I’ve had a mad week or so, bouncing from the World Travel Market in London, to the Swn Interactive Conference in Cardiff, and now over to Berlin for the day before heading back to Melbourne tomorrow morning. Oh yes, and writing my first article for the Inside LP blog.

BA Club Lounge Heatheow Terminal 5 (PixUp)This, unsurprisingly has resulted in rather a lot of air travel – particularly of the long-haul type – but today I get a treat. Lonely Planet doesn’t fly anyone business class, it’s economy all the way. But occasionally, just occasionally, there’s no choice. You book late, you have a meeting at a time you simply can’t move, and the extra few pounds is worth it to make it on time.

Getting up at 4am is never fun, but with the prospect of a two hour flight to Berlin in total comfort, as well as a settled wait at the new Terminal Five in the Club Lounge ahead of me, I had a slight spring in my step. Silly me.

Traffic on the M25 was non-existent, which simply meant I was here three and a half hours early. Ahh well, comfortable club lounge here I come. Automatic check-in failed (I must be too early) so I headed over to the flight desk, and was told, by a yawning clerk who couldn’t care less that the flight was over-booked and I probably would not get on it, go away come back later, when there may be a space on another flight perhaps (yawn again, no ‘I’m sorry’). But then the magic happens. There’s a ‘c’ on my ticket – that means club! It’s all different now (the yawning hasn’t stopped – but I spy a hope) – I can go through to the club lounge to wait, but probably still wont get on the flight. Yawn.

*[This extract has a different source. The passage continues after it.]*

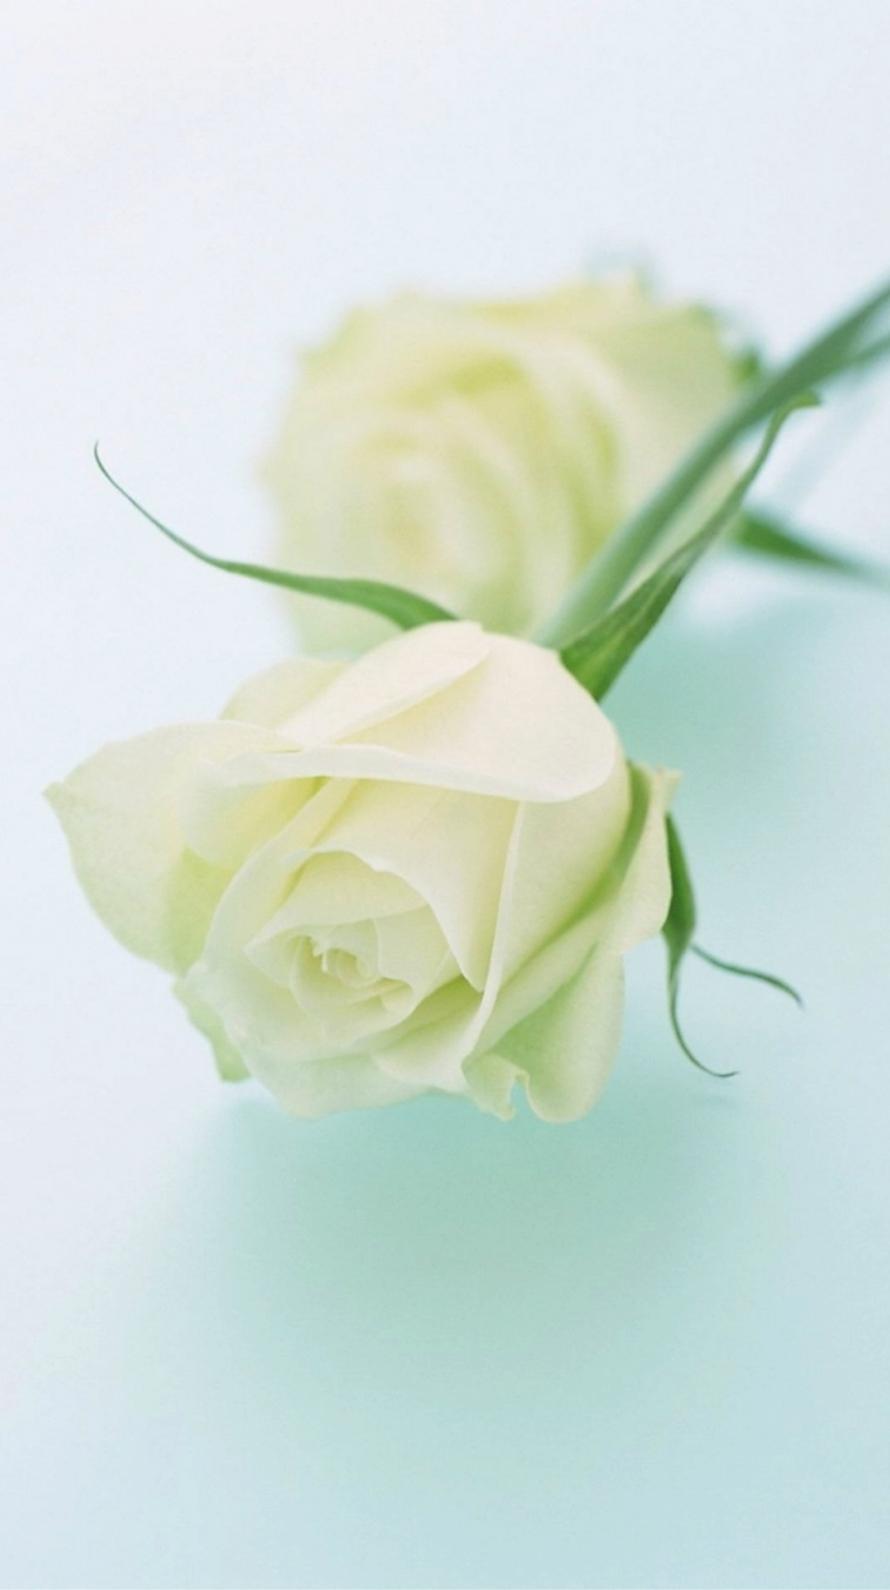 白い薔薇 iPhone6壁紙

Joining the queue through security I was ‘fast tracked’ into a long line of slow moving people… ‘why can’t I go through the normal one? There’s no one there?’, ‘You have a club class ticket sir we can fast track you’. Ah. Little point in arguing. Fast track also means I have to remove my shoes. The other normal lines don’t seem to be doing that. Oh well. I’m then treated (because I’m special) to a good search by the rudest security person I have ever met. ‘Put your arms out straight’. ‘They are’, ‘no straighter’, ‘they don’t get any straighter’ (perhaps I am odd), ‘whatever’. Meh.

Now I sit in the club lounge and all is right with the world. I still don’t know if I’m going to get on my flight (and therefore make the exceptionally important meeting that could mean exceptionally important things for the company), or if I’m resigned to sitting next to the free food buffet. It’s a tough choice. There’s only one thing I know for certain. Neil Diamond rocks.